▶ [SUPPLIED MATERIAL]
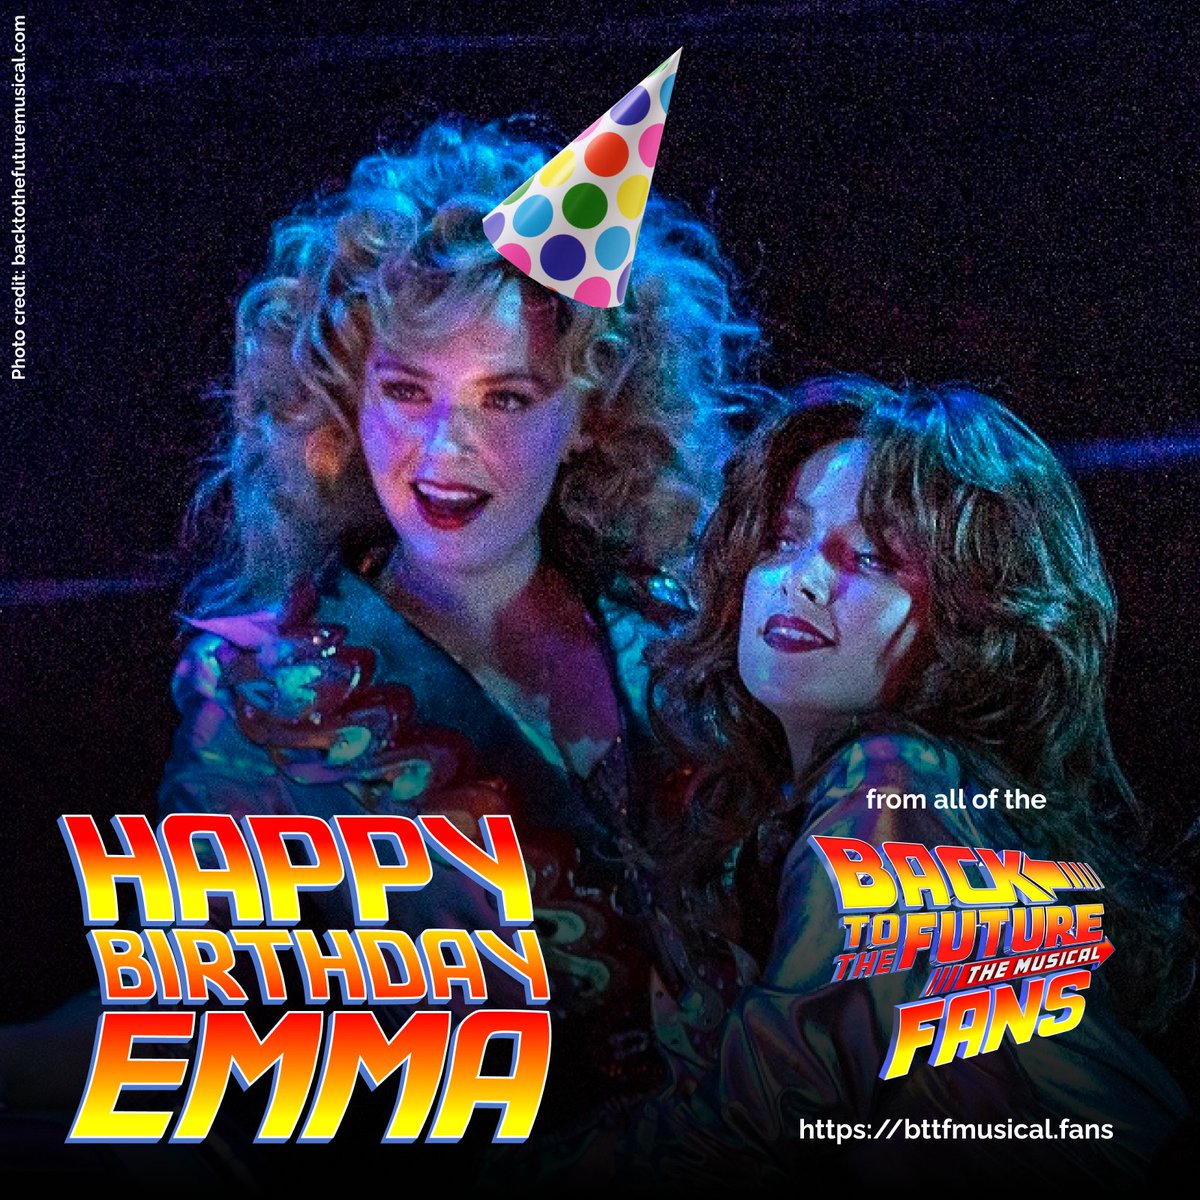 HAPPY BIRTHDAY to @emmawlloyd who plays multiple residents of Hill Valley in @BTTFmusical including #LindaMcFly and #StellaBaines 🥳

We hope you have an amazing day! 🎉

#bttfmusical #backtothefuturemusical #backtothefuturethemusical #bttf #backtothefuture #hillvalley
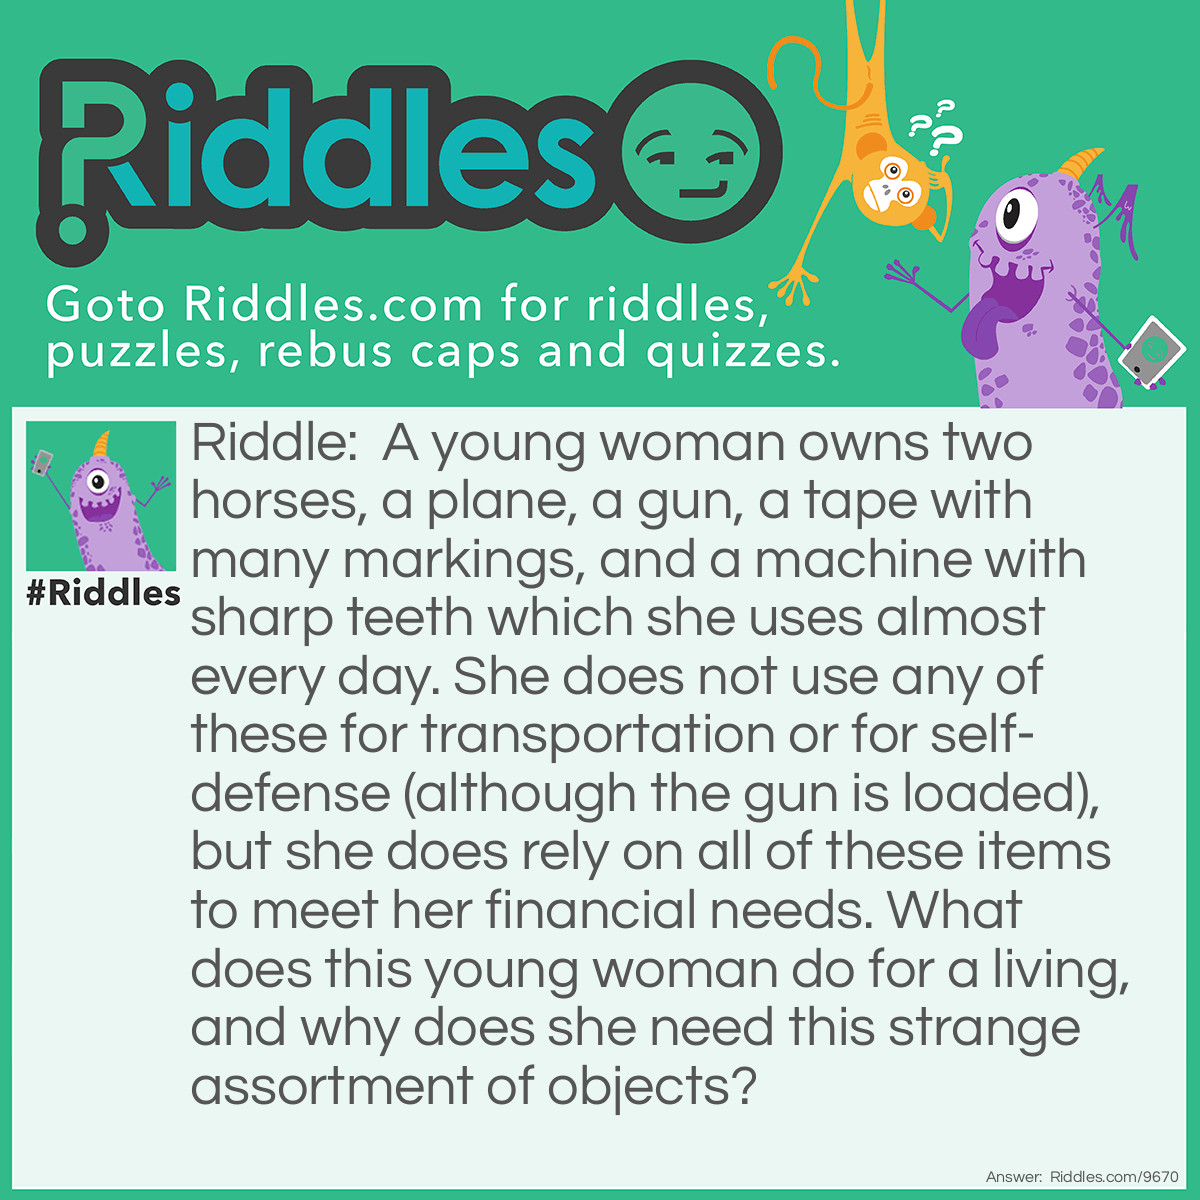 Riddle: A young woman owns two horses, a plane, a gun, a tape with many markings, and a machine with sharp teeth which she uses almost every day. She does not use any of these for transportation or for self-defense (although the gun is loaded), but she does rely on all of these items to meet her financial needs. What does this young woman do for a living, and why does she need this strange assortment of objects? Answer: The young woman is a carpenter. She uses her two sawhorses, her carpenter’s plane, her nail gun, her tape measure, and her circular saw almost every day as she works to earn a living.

--

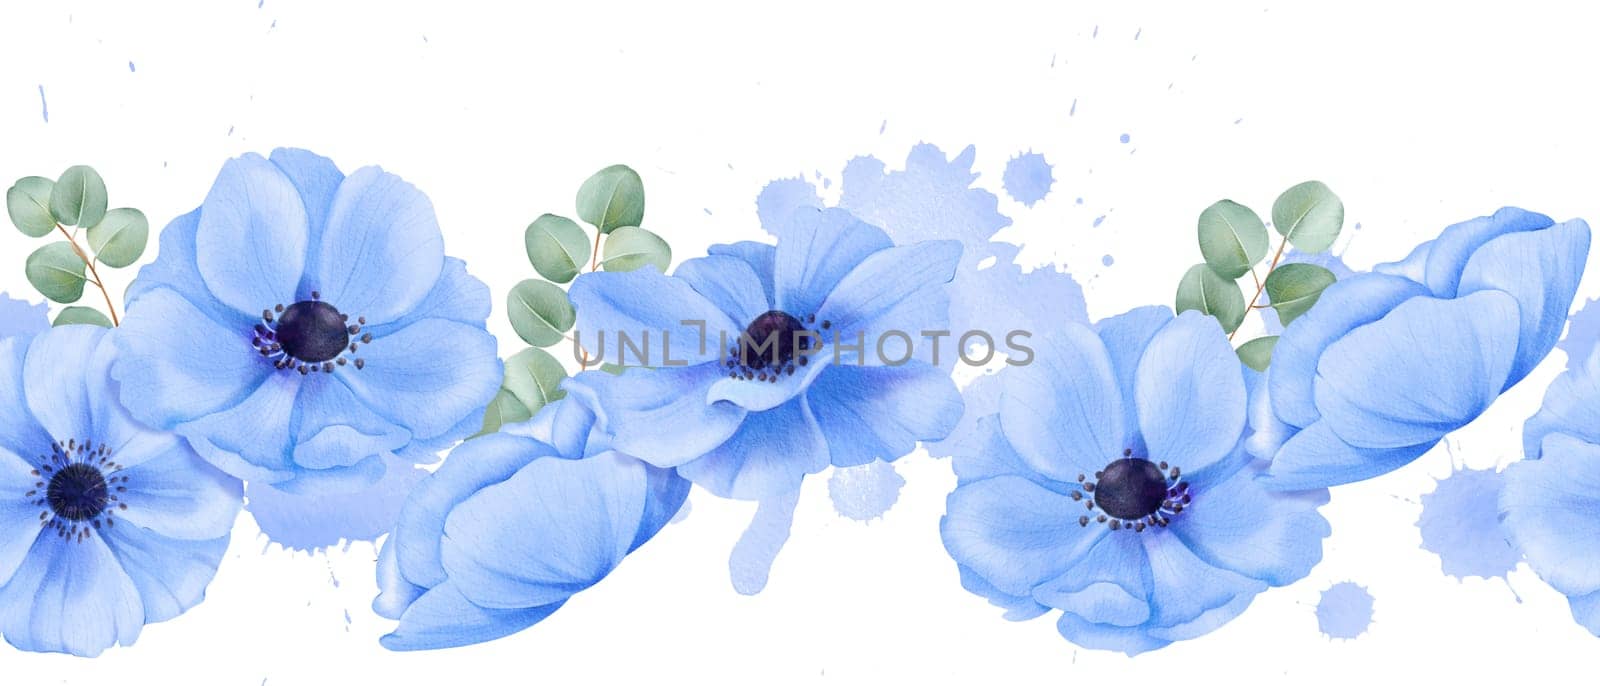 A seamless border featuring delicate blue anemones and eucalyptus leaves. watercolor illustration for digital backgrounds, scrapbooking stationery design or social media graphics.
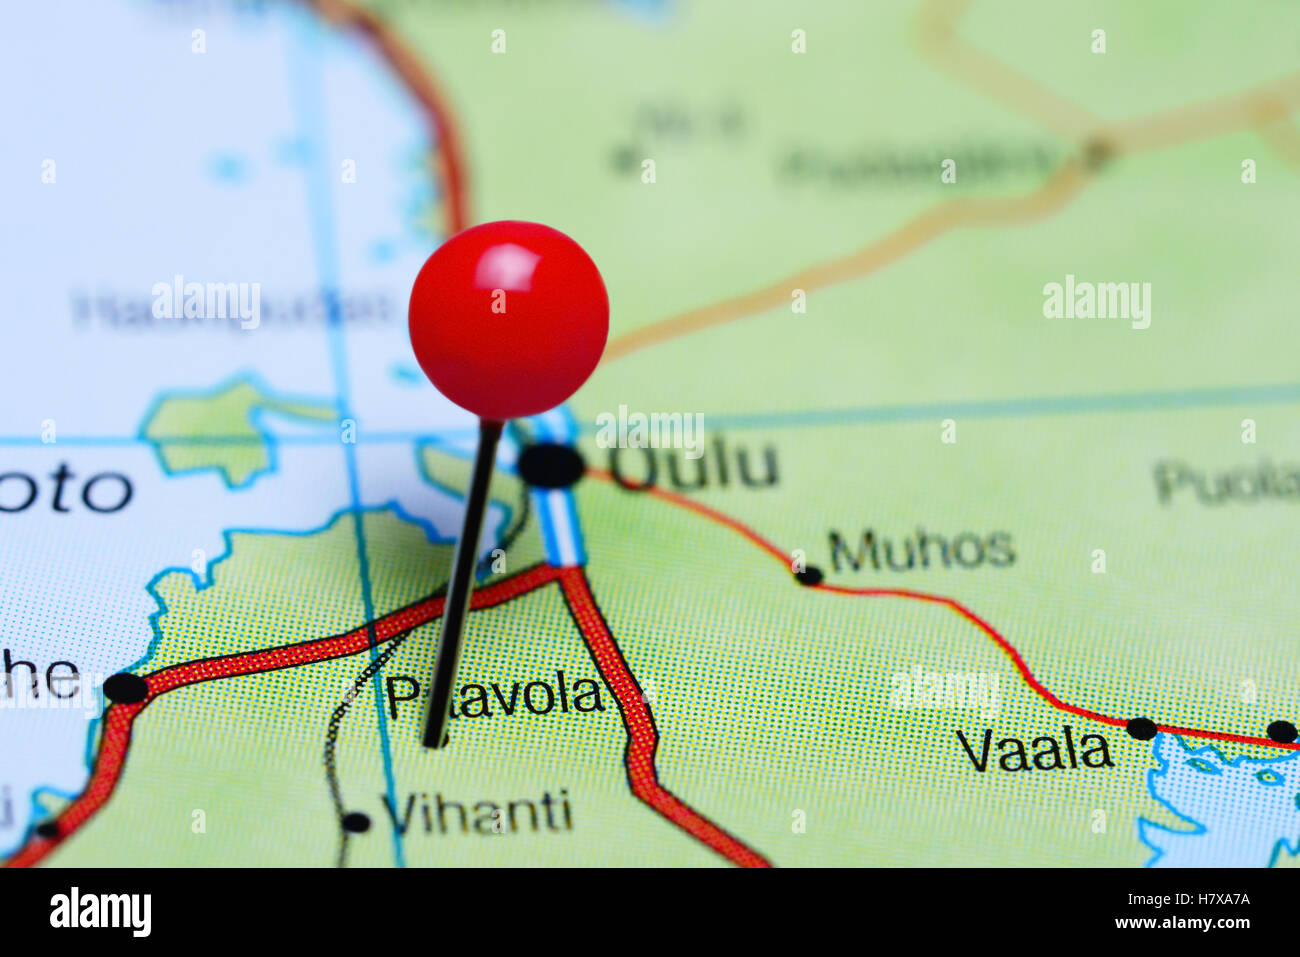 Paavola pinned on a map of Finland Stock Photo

---

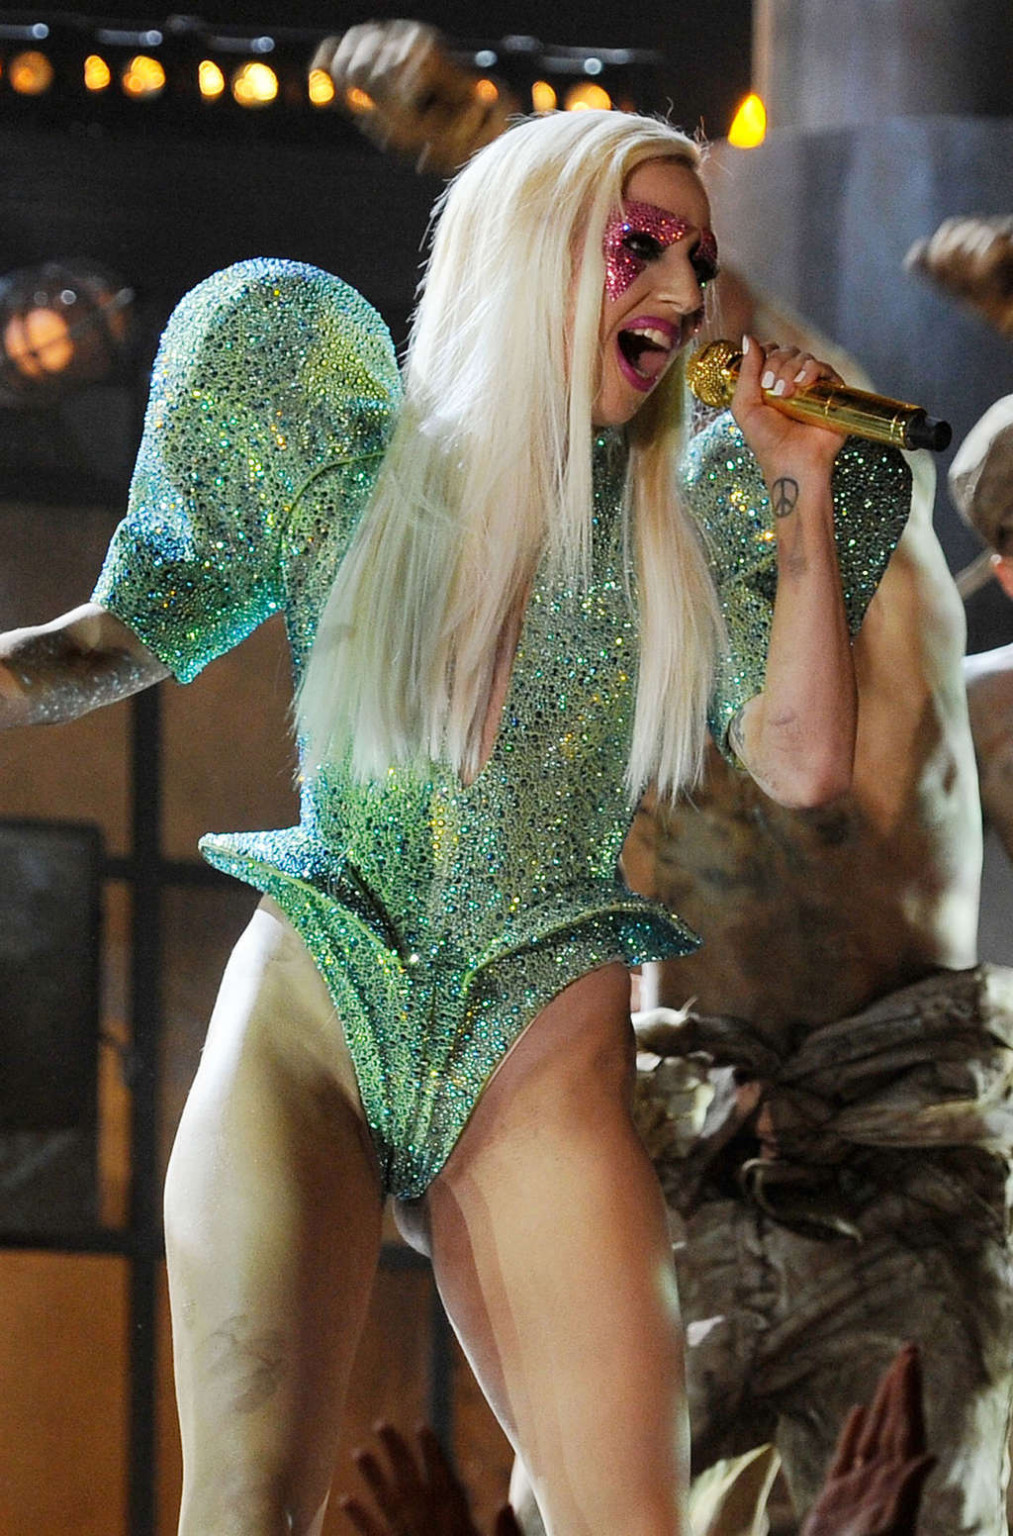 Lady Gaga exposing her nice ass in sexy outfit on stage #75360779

▶ [WHAT YOU NEED TO DO] Only the lines starting at the one that includes "HAPPY BIRTHDAY to" and ending at the one that includes "#bttfmusical #backtothefuturemusical #backtothefuturethemusical" should be retyped, exactly, from the records above; no pictures.

▶ [EXPECTED ANSWER]
 HAPPY BIRTHDAY to @emmawlloyd who plays multiple residents of Hill Valley in @BTTFmusical including #LindaMcFly and #StellaBaines 🥳

We hope you have an amazing day! 🎉

#bttfmusical #backtothefuturemusical #backtothefuturethemusical #bttf #backtothefuture #hillvalley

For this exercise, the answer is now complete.